Find an equation of the plane whose points are equidistant from (8,-5,3) and (9,5,9).
The plane would have to pass through the midpoint of the line joining the
two given points and be perpendicular to that line
midpoint = ( (8+9)/2 , (-5+5)/2, (3+9)/2) = (17/2 , 0, 6)
The direction vector, which will become the normal to the plane
= < 9-8, 5+5, 9-3> = <1,10,6>
so the equation of our needed plane is
x + 10y + 6z = c
but (17/2, 0, 6) lies on it, so
17/2 + 0 + 36 = c
17 + 72 = 2c
c = 89/2
x + 10y + 6z = 89/2 is one form of your equation of the plane
another is
2x + 20y + 12z = 89
To find an equation of the plane equidistant from two points, we need to determine the midpoint between the two points and then find the normal vector to the plane. From there, we can write the equation of the plane in vector form.
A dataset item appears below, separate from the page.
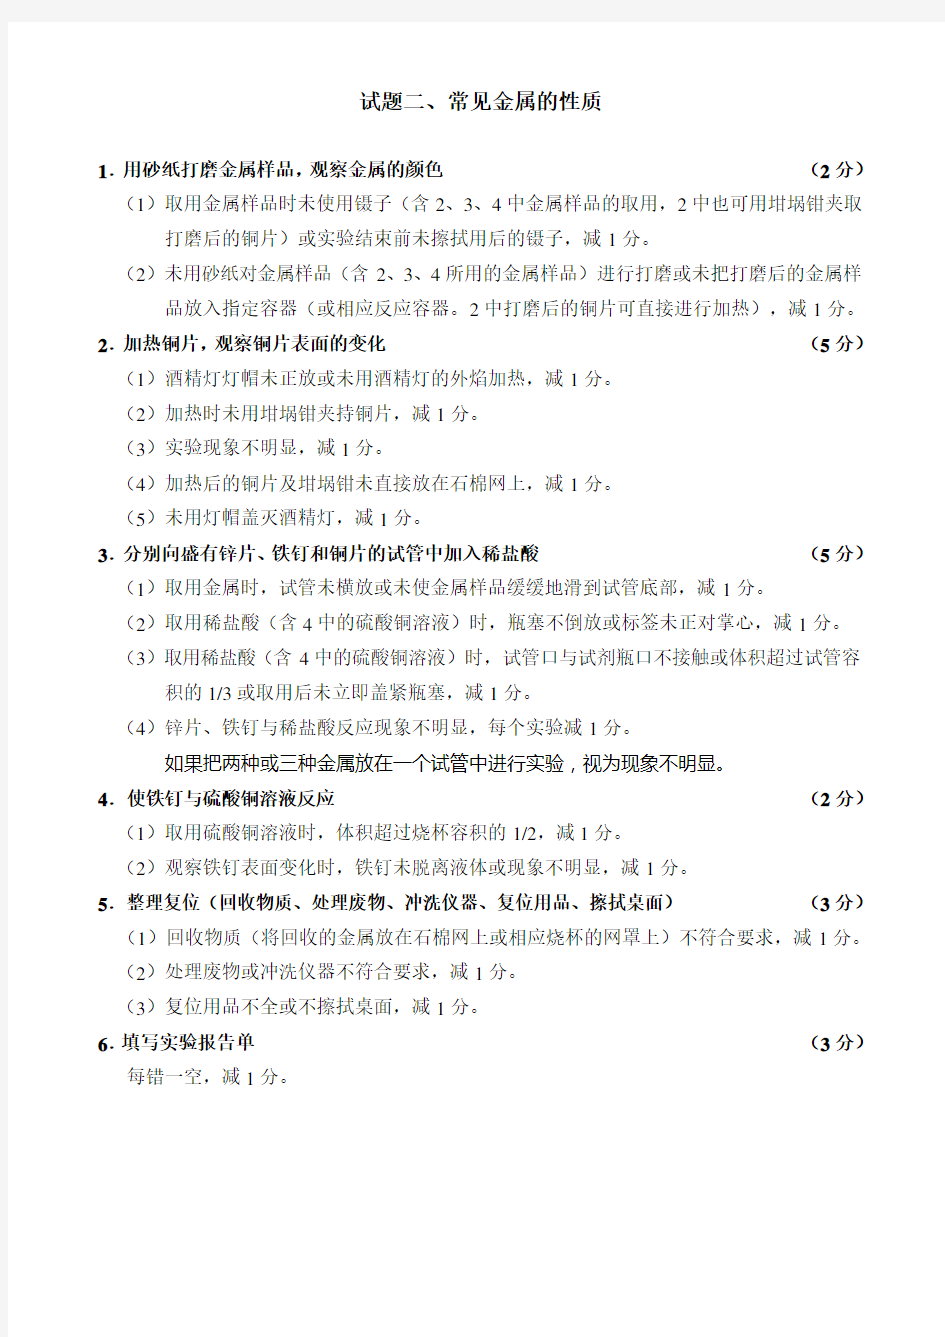 唐山市2019年初中毕业与升学化学实验操作考试评分细则

1. Find the midpoint between the two given points using the midpoint formula:
Midpoint (M) = [(x₁ + x₂) / 2, (y₁ + y₂) / 2, (z₁ + z₂) / 2]
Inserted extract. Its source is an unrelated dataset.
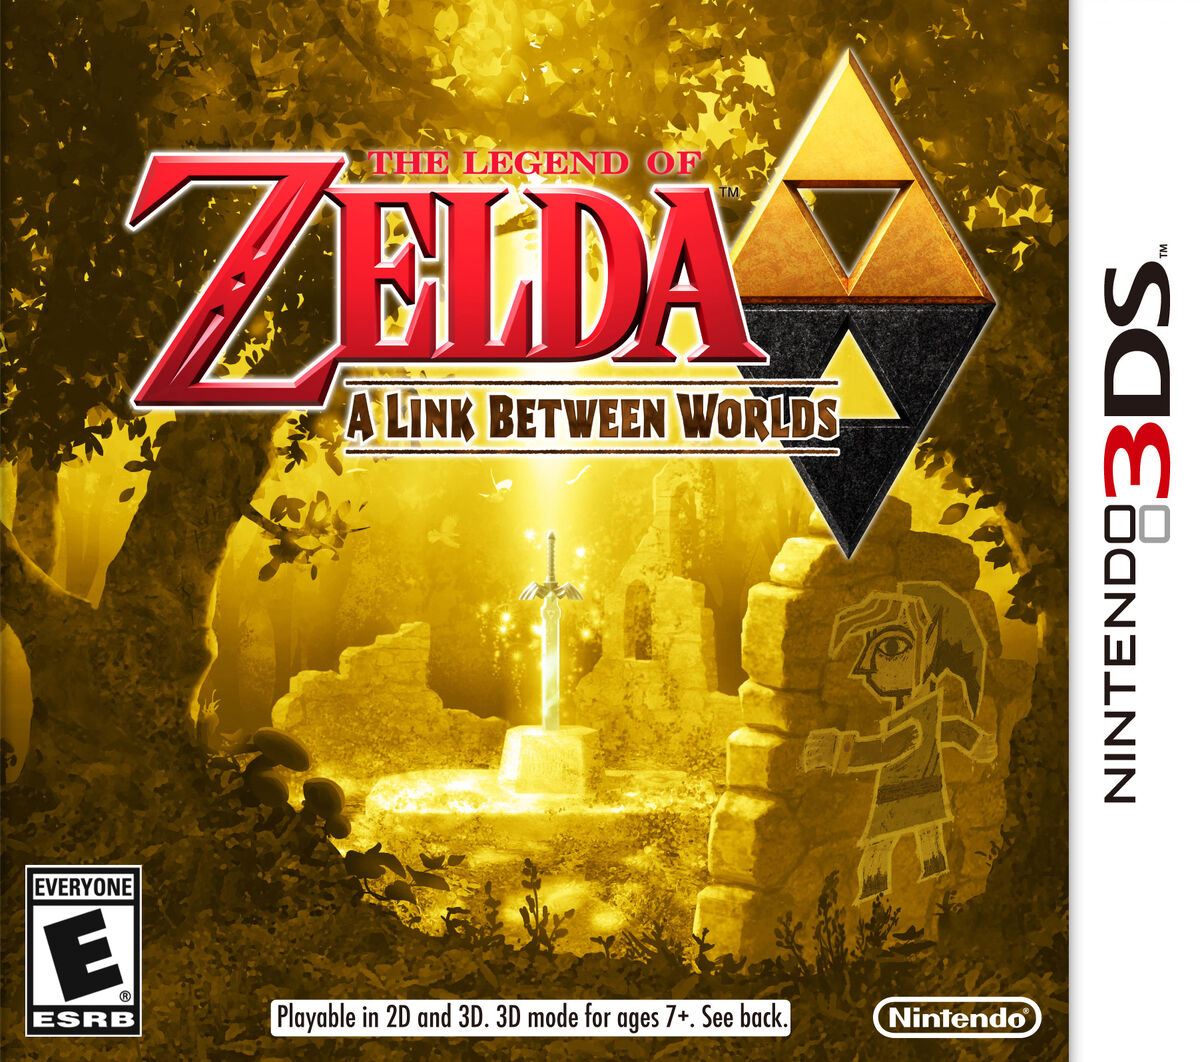 Link (Breath of the Wild) - Zelda Dungeon Wiki, a The Legend of Zelda wiki

Applying the formula, we get:
M = [ (8 + 9) / 2, (-5 + 5) / 2, (3 + 9) / 2 ]
= [ 17/2, 0, 12/2 ]
= [ 8.5, 0, 6 ]
2. Next, we need to find the normal vector to the plane. The normal vector will be perpendicular to the plane and can be obtained by taking the cross product of the vector between the midpoint and one of the given points.
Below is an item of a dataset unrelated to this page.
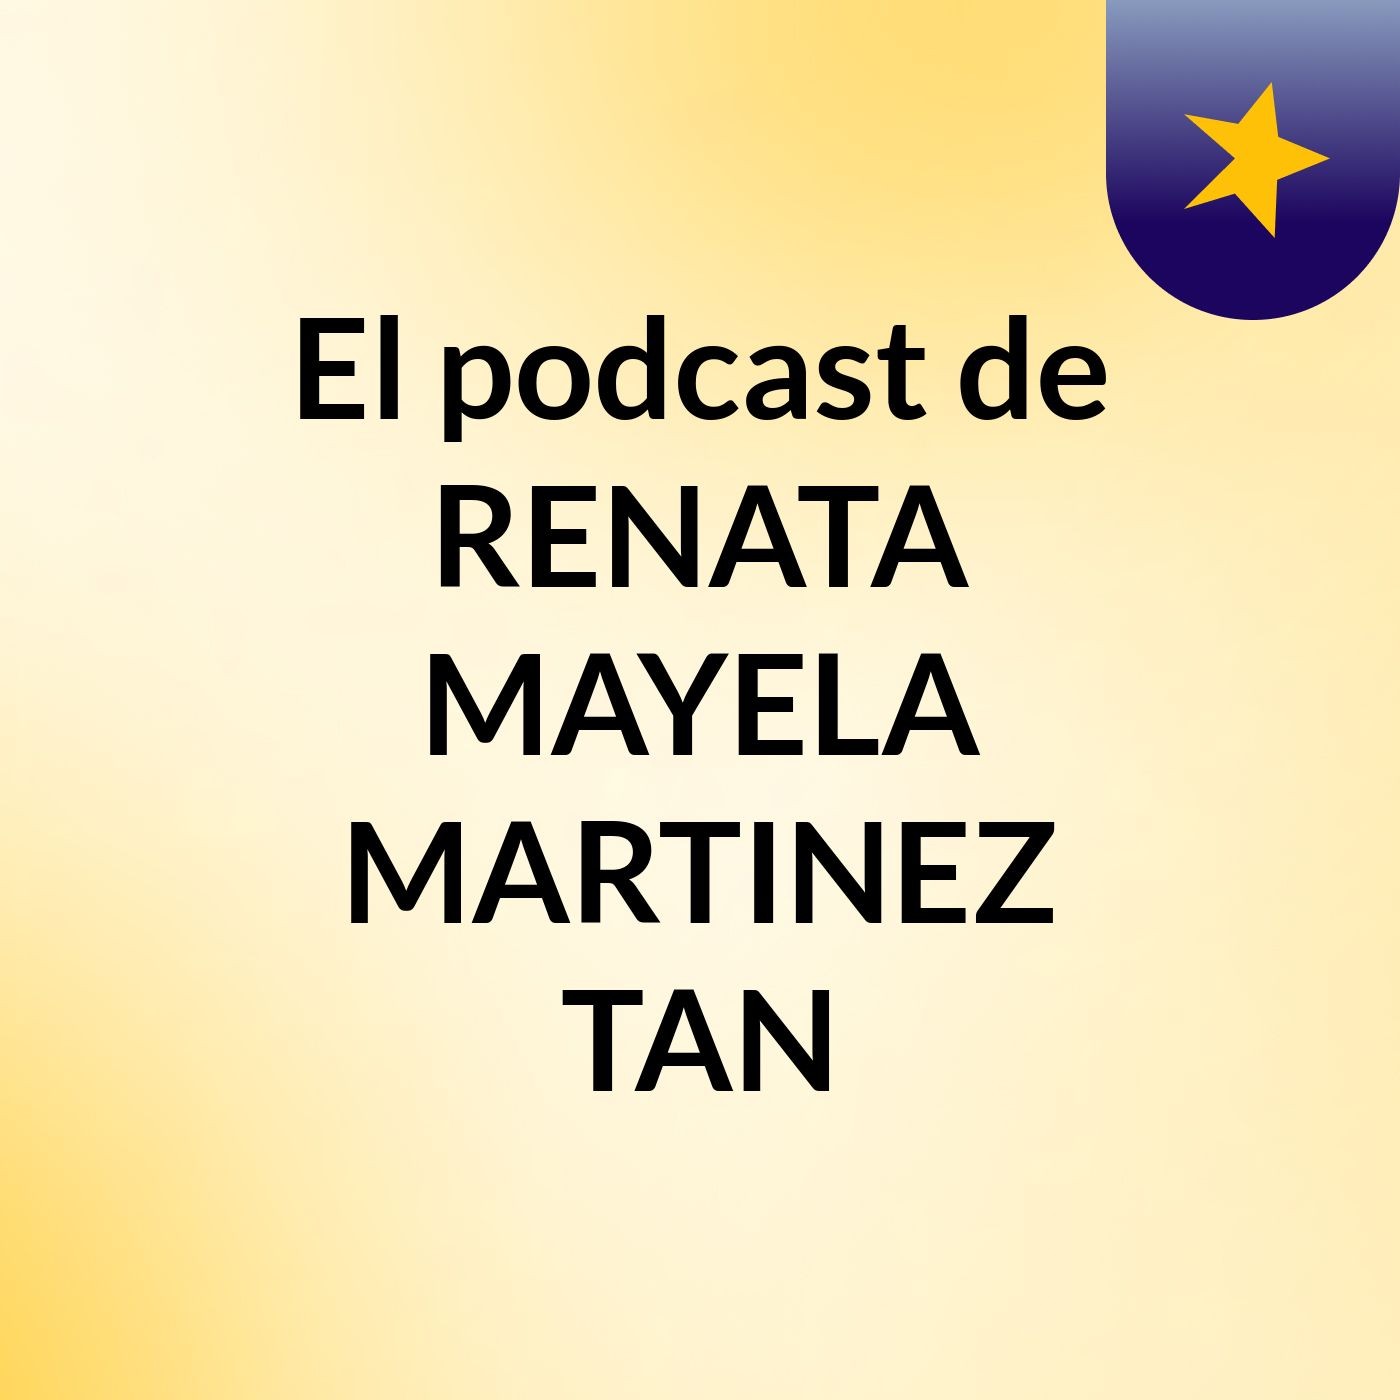 El podcast de RENATA MAYELA MARTINEZ TAN

Let A = (8, -5, 3) be one of the given points.
Let B = (9, 5, 9) be the other given point.
Let N = normal vector to the plane.
N = AB x AM
AB = B - A = (9 - 8, 5 - (-5), 9 - 3) = (1, 10, 6)
AM = M - A = (8.5 - 8, 0 - (-5), 6 - 3) = (0.5, 5, 3)
N = (1, 10, 6) x (0.5, 5, 3)
Taking the cross product, N = (30, -3, -4)
3. Now that we have the midpoint (M) and the normal vector (N), we can write the equation of the plane. The equation of a plane in vector form is:
N · (r - M) = 0
Where N is the normal vector, r is the position vector of an arbitrary point on the plane, and M is the midpoint.
Plugging in the values:
(30, -3, -4) · (r - (8.5, 0, 6)) = 0
Expanding the dot product:
30(r₁ - 8.5) - 3(r₂ - 0) - 4(r₃ - 6) = 0
Simplifying:
30r₁ - 255 - 3r₂ - 4r₃ + 24 = 0
Rearranging terms:
30r₁ - 3r₂ - 4r₃ = 231
Therefore, the equation of the plane is 30x - 3y - 4z = 231.